David stood in the doorway of the apartment that was no longer his, watching his ex-wife's cat weave between his legs. Max had chosen sides apparently, and David was on the losing end of that particular war.

"You're not taking the baseball stuff," Sarah had said yesterday, her voice flat. "You haven't picked up a bat since college."

She wasn't wrong. The dust on his old glove in the closet could pass for archaeological evidence. But David found himself retrieving it now, along with the faded hat he'd worn to every game his father took him to before the drinking got too bad. The brim was permanently bent, sweat-stained, carrying the ghost of a dozen summer afternoons.

He packed methodically, the way he approached everything now: carefully, quietly, without sudden movements. As if loud noises might shatter the fragile truce of their separation. The apartment felt like a crime scene where someone had already cleaned up the blood.

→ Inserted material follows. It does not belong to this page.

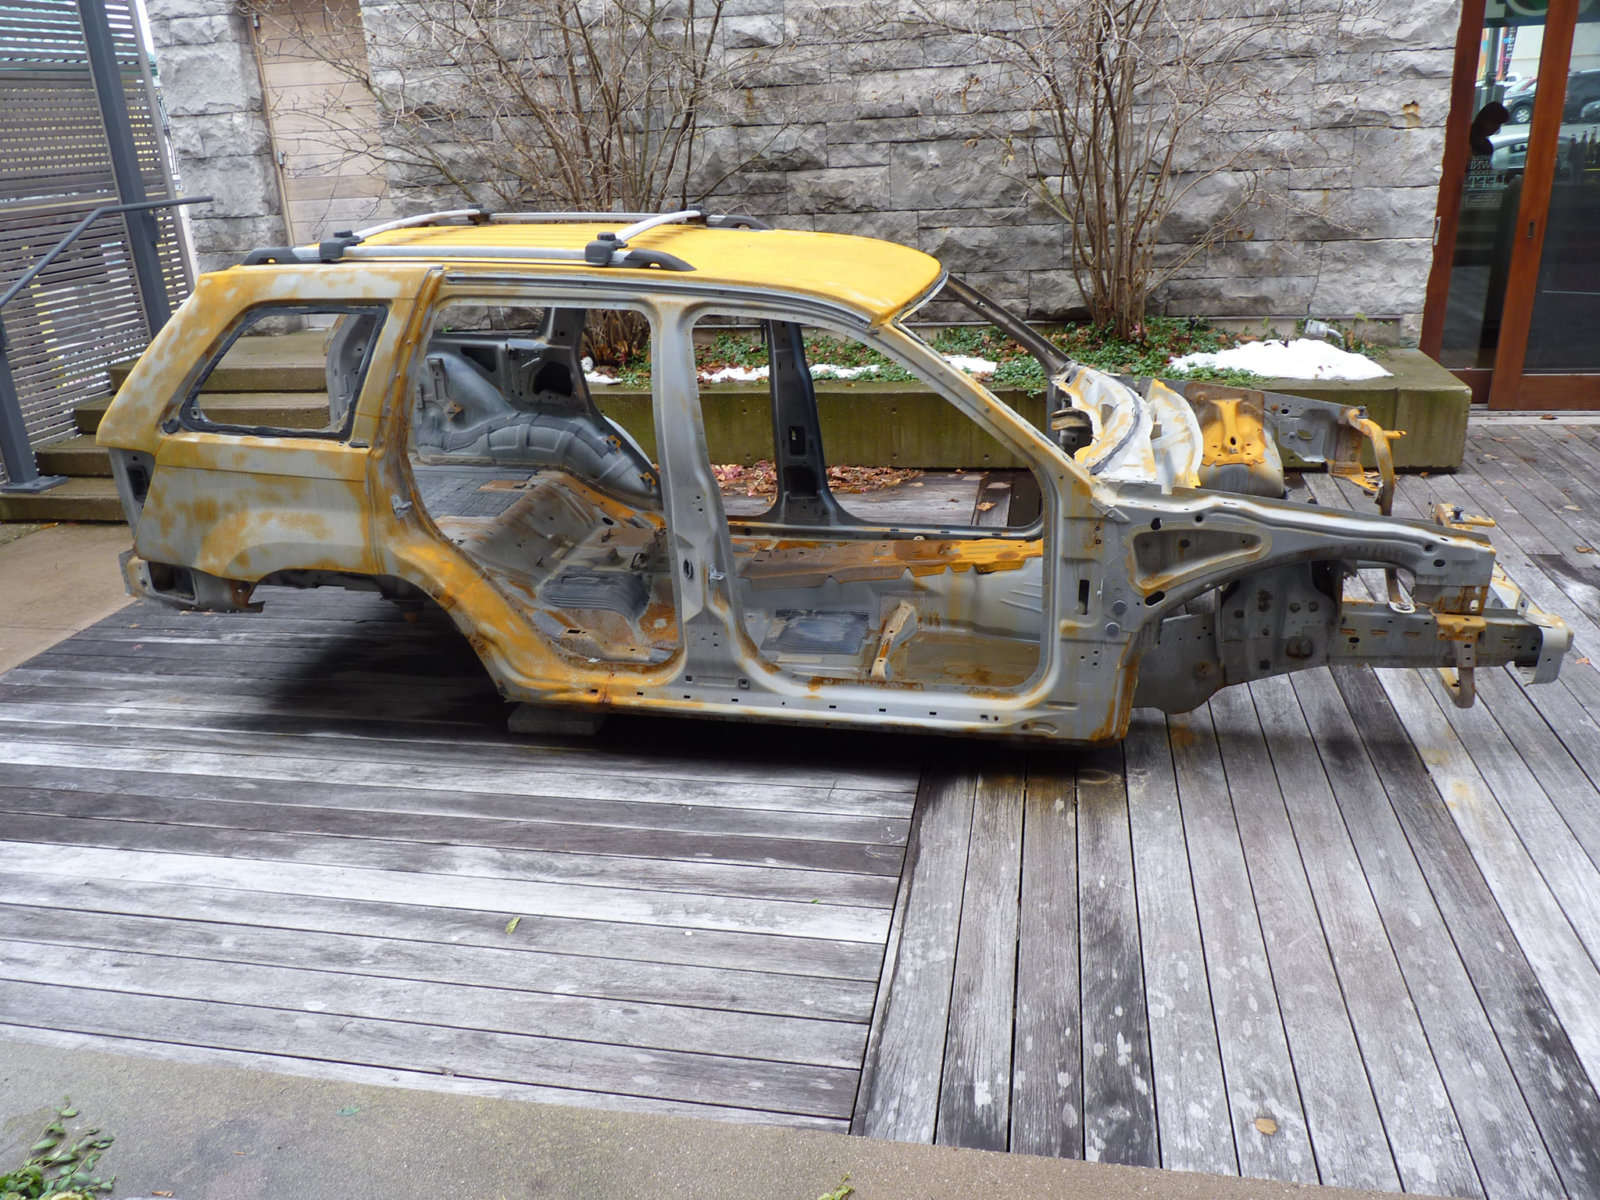 Duane Linklater, 2005 Grand Jeep Cherokee, 2013, steel frame of artist’s vehicle. dimensions variable

His stomach growled. The refrigerator held only condiments and a wilted bag of spinach Sarah had bought for a smoothie she never made. David stared at the green leaves, now slimy with age, and felt something crack open in his chest. That was them, wasn't it? Something intended for nourishment that had just sat there, neglected until it rotted.

He threw the spinach in the garbage.

His new place was across town, near a community center with a pool. The woman at the front desk had mentioned swimming lessons when he'd signed the lease, something about aquatic therapy being good for stress reduction. David had nodded, thinking of his father—how the old man had only ever seemed peaceful in water, as if the weightlessness briefly relieved him of gravity's relentless pull.

David sat on the floor of his empty living room, Max's warm weight settling against his thigh. Tomorrow he'd return the cat to Sarah. Tomorrow he'd start unpacking boxes in a neighborhood where no one knew his name. Tonight, he'd just sit here in his baseball hat, eating nothing, and practice the art of leaving quietly.